Когда Чжан Юй Мэй подошла, Инь Дун Сюй вместе с Лю Цзинь Суном как раз выносили и ставили большой круглый стол во дворе. Этот стол они обычно держали сложенным и доставали только по праздникам.
Му Янь Кай носил стулья, Хань Цзинь Тан и Цзэн Жоу помогали расставлять посуду и передавать блюда.
Войдя на кухню, Инь Си Сяо разжигала огонь, чтобы приготовить цзунцзы на пару, Гуань Чжао топил другую печь, Инь Чжи Хун жарил овощи, а она помогала ему. Вскоре блюда одно за другим стали появляться на столе.
Все было готово, и они собирались сесть за стол, как вдруг возглас Инь Си Сяо: — Дядя, двоюродная сестра! — нарушил оживленную атмосферу.
У входа во двор появился мужчина средних лет, попыхивая листовым табаком. За ним следовала миловидная девушка с бамбуковой корзиной, в которой лежала связка цзунцзы из листьев ляо и десяток соленых утиных яиц.
Лицо Чжан Юй Мэй слегка изменилось. Она подошла, взяла корзину и сказала: — Юй Линь и Луэр, как вы сюда попали?

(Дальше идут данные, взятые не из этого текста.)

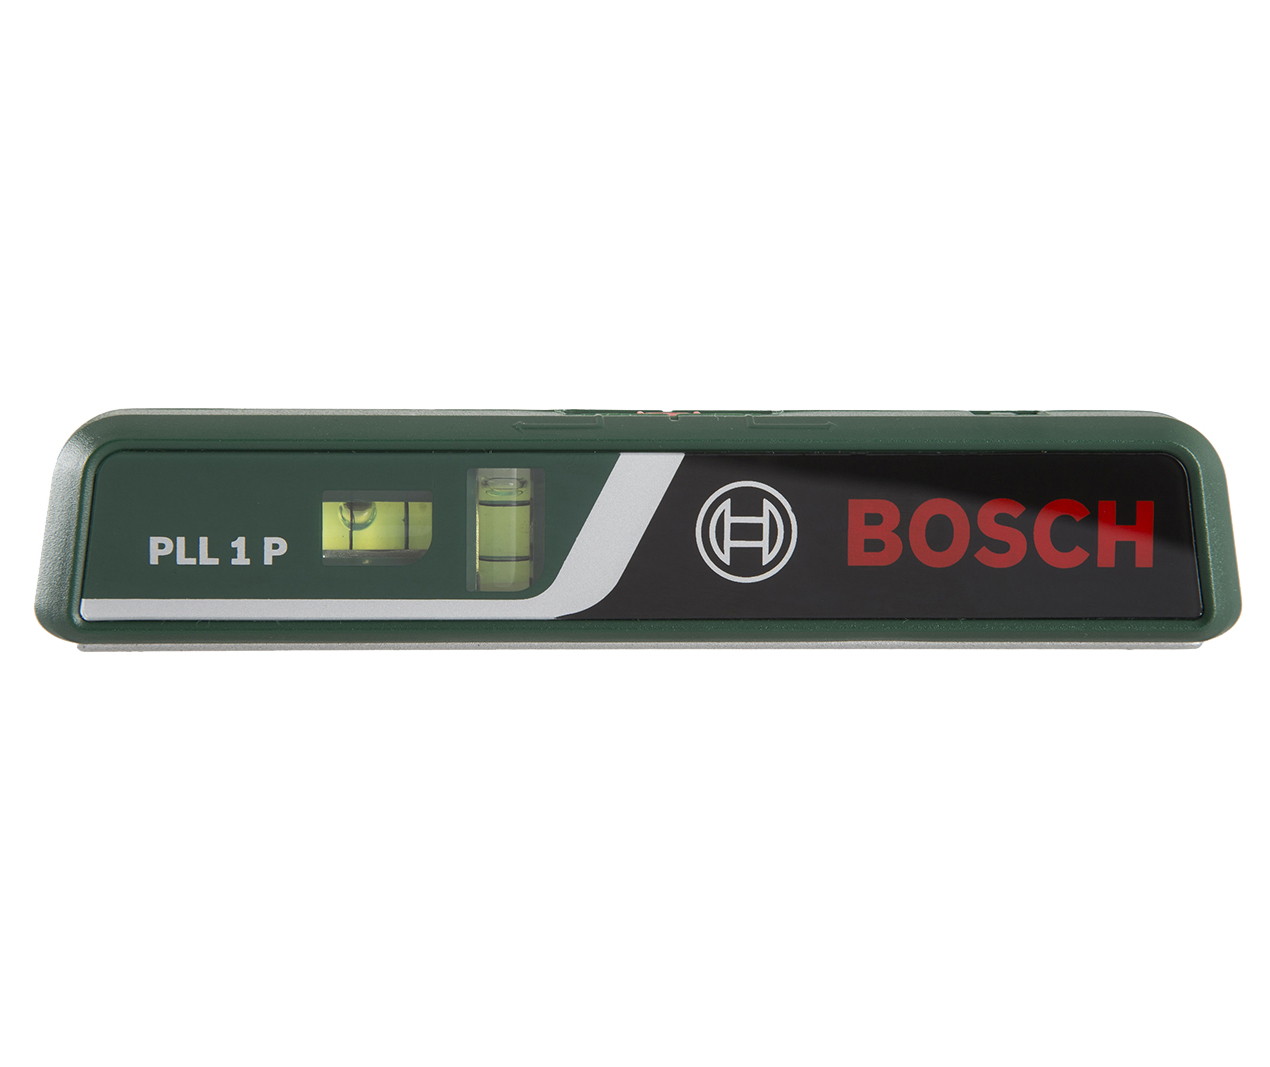 Уровень Bosch Pll 1 p

Оказалось, это были младший брат Чжан Юй Мэй, Чжан Юй Линь, и ее племянница Чжан Лу.
Чжан Юй Линь неловко улыбнулся и сказал: — Сестра, это же праздник. Мама велела мне принести вам цзунцзы и соленых утиных яиц.
Чжан Лу хотела подбежать и взять Инь Си Сяо под руку, чтобы поговорить, но, увидев выражение лица тетушки, послушно встала за спиной Чжан Юй Линя и поздоровалась со всеми: — Здравствуйте, дядя! Здравствуйте, тетя! Здравствуйте, двоюродный брат!
Затем она провокационно подмигнула Инь Си Сяо: — Привет, двоюродная сестра.
Инь Чжи Хун кивнул и сказал: — Раз уж пришли, садитесь, поедим вместе!
Инь Си Сяо просто проигнорировала провокацию Чжан Лу, добавила два стула, и за большим круглым столом как раз уместилось десять человек. Хорошо, что сестры Ли Сю Фэнь и Ли Сю Фан ушли, иначе все бы не поместились.
Чжан Юй Мэй была явно недовольна.
Когда она несколько дней назад ходила переодевать старую мать, она ясно сказала Юй Линю, что сегодня у них гости и она не может уйти, но он все равно привел племянницу, чтобы создать суету. Если они скажут или сделают что-то не так, разве это не будет смешно для важных гостей? Но потом она передумала: если Си Сяо, выйдя замуж, получит двести тысяч за выкуп невесты, то независимо от того, за кого из них она выйдет, другой вариант тоже неплох. Выгода не должна уходить к чужим...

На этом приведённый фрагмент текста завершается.